[Opening Listed entries section]
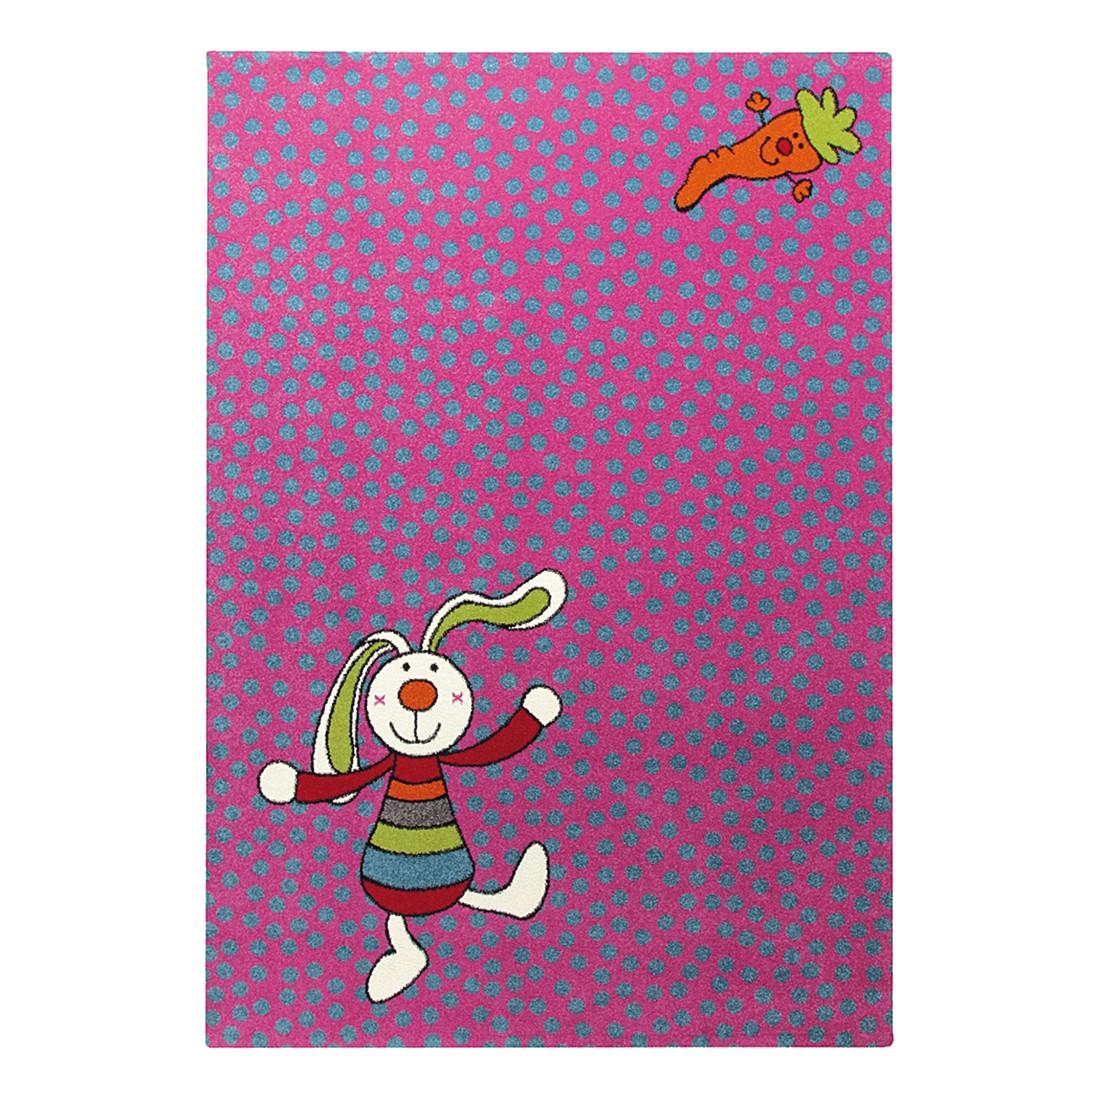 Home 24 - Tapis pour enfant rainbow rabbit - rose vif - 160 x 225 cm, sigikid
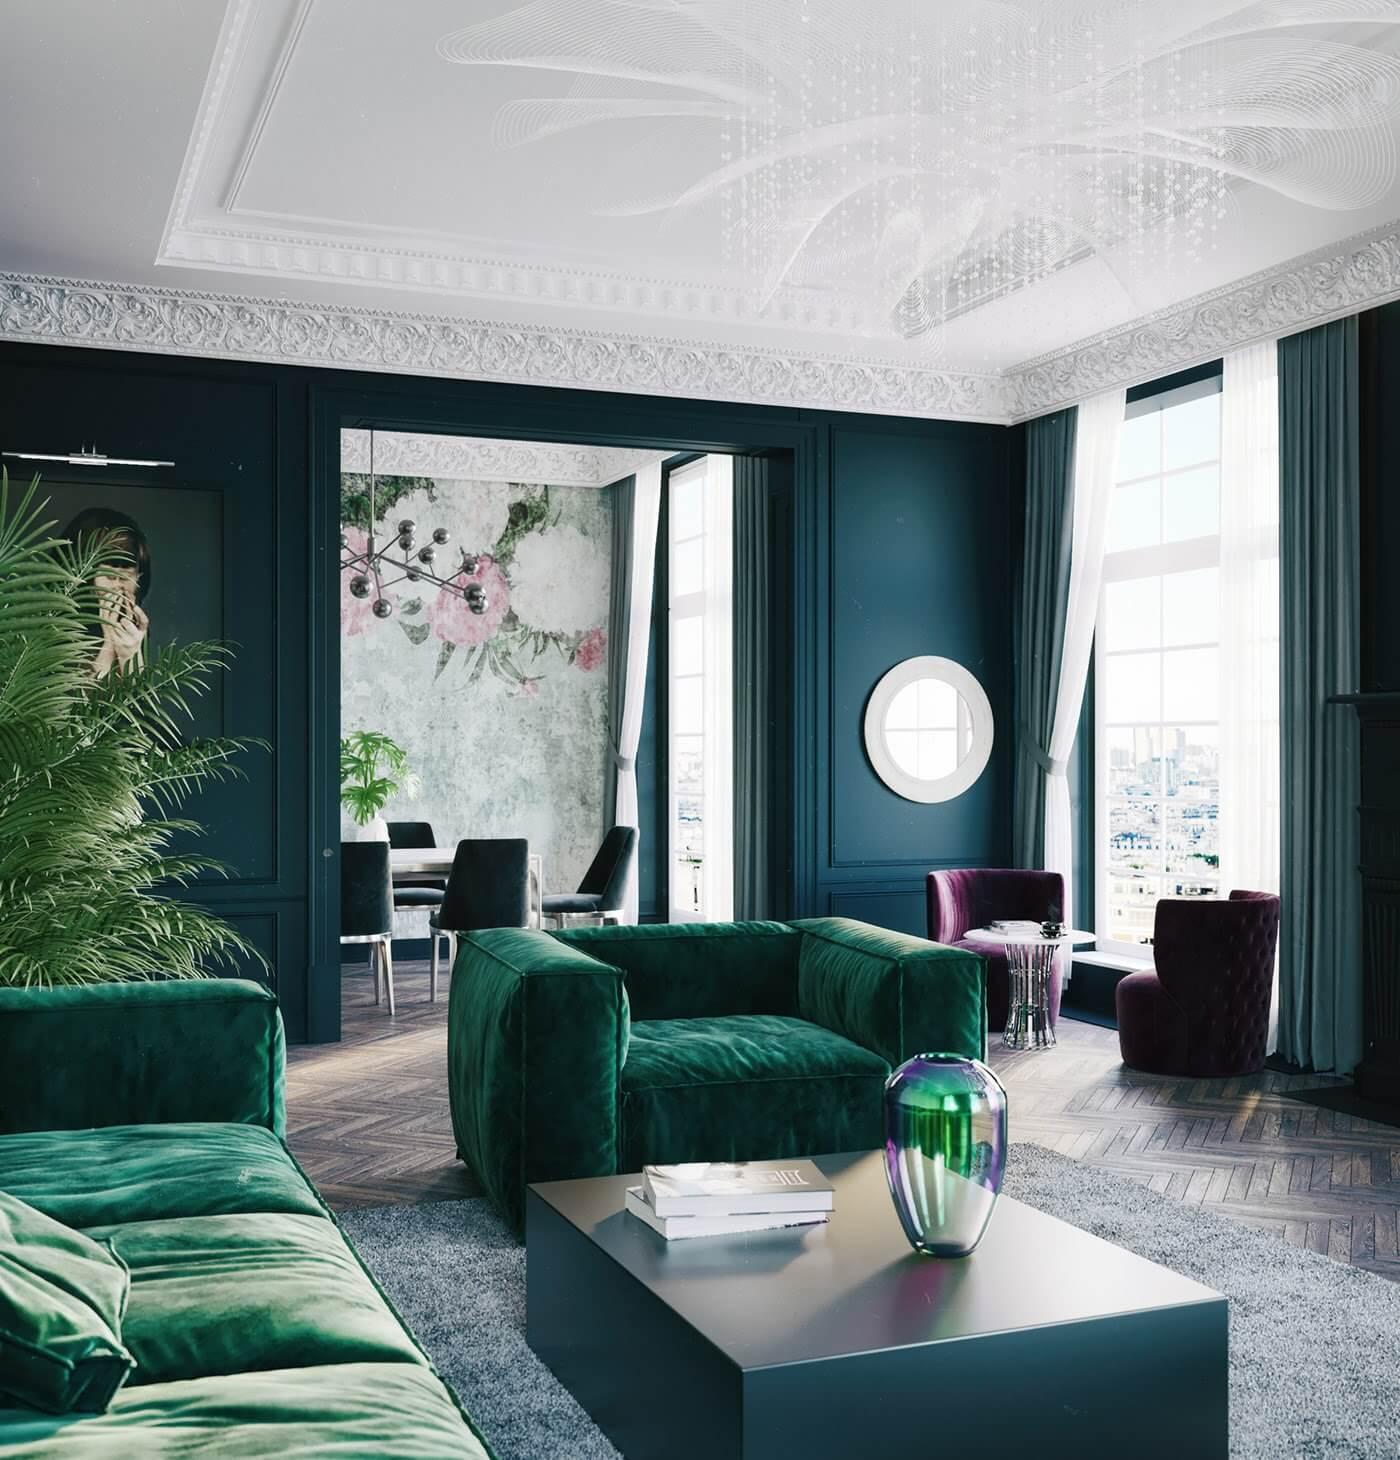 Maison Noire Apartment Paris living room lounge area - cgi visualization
[Closing Listed entries section]
[Opening Listed entries section]
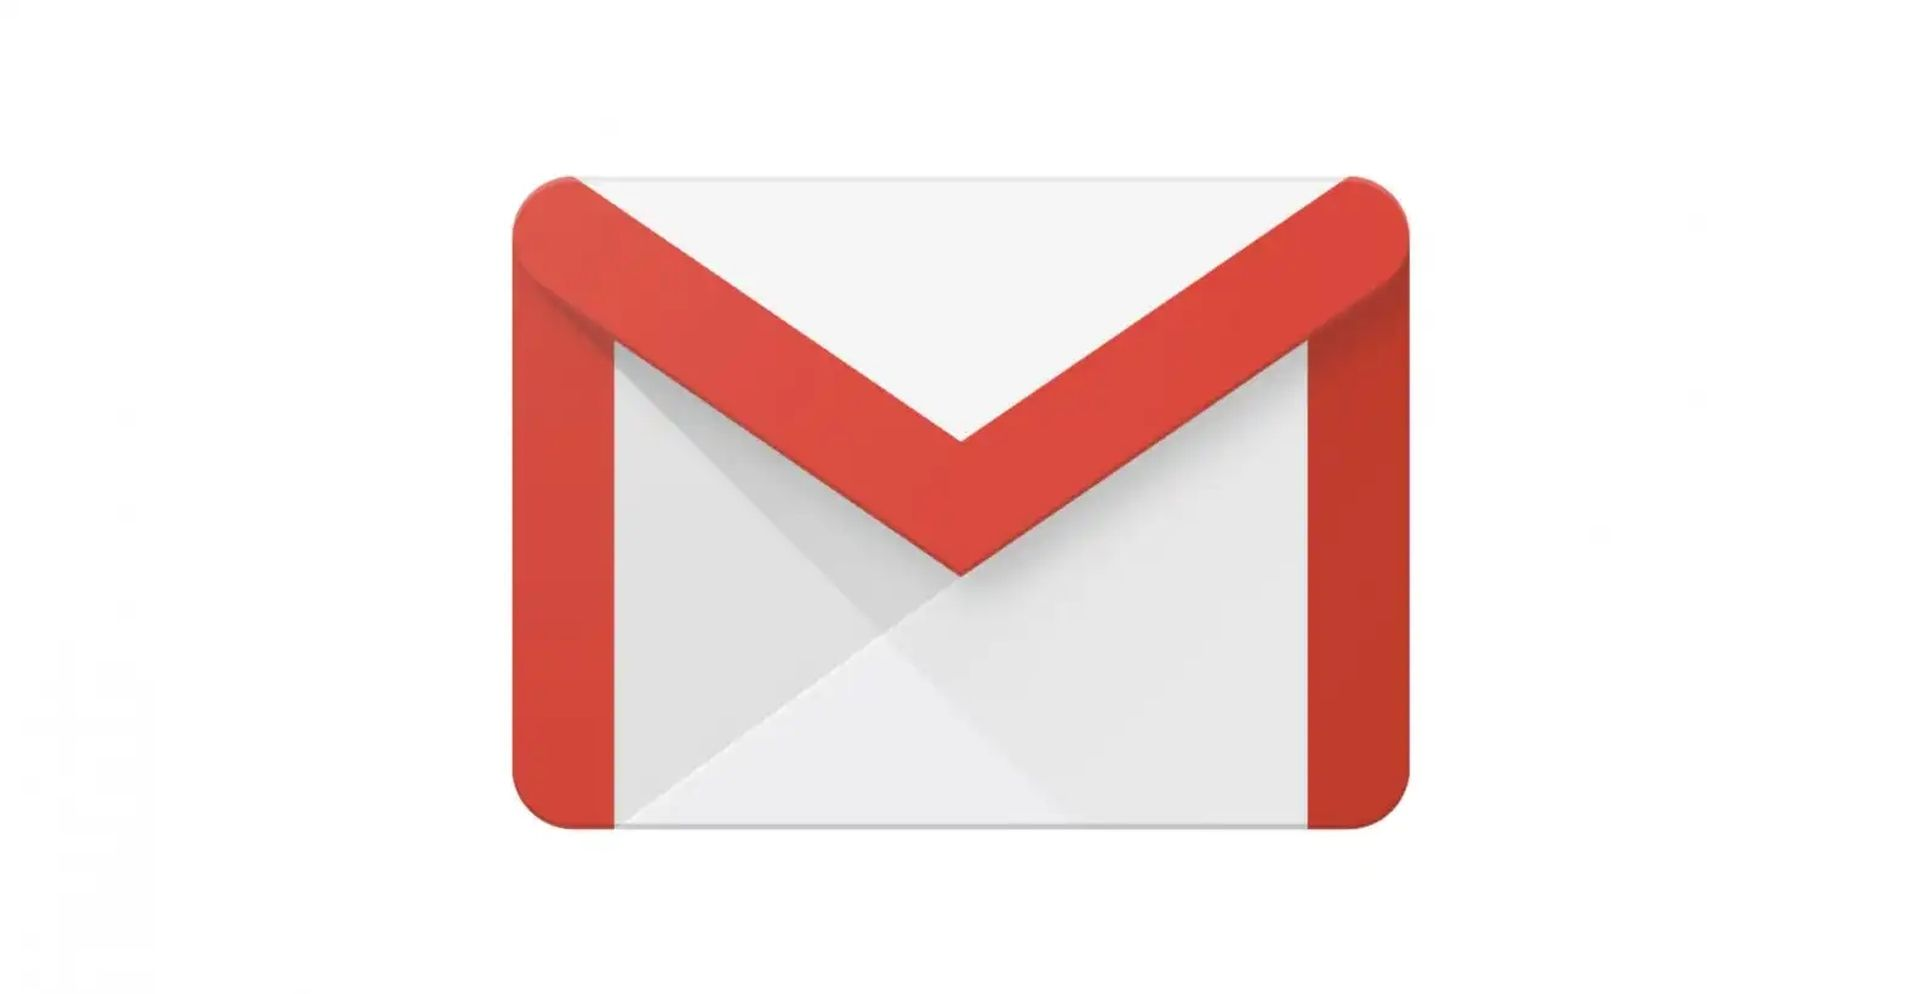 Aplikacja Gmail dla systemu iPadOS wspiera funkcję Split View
[Closing Listed entries section]
• **Assigned task**
Pictures excluded, transcribe the listing above exactly from the line with "Home 24 - Tapis" through the line with "Maison Noire Apartment", and no further.

• **Reply to the exercise**
 Home 24 - Tapis pour enfant rainbow rabbit - rose vif - 160 x 225 cm, sigikid
 Maison Noire Apartment Paris living room lounge area - cgi visualization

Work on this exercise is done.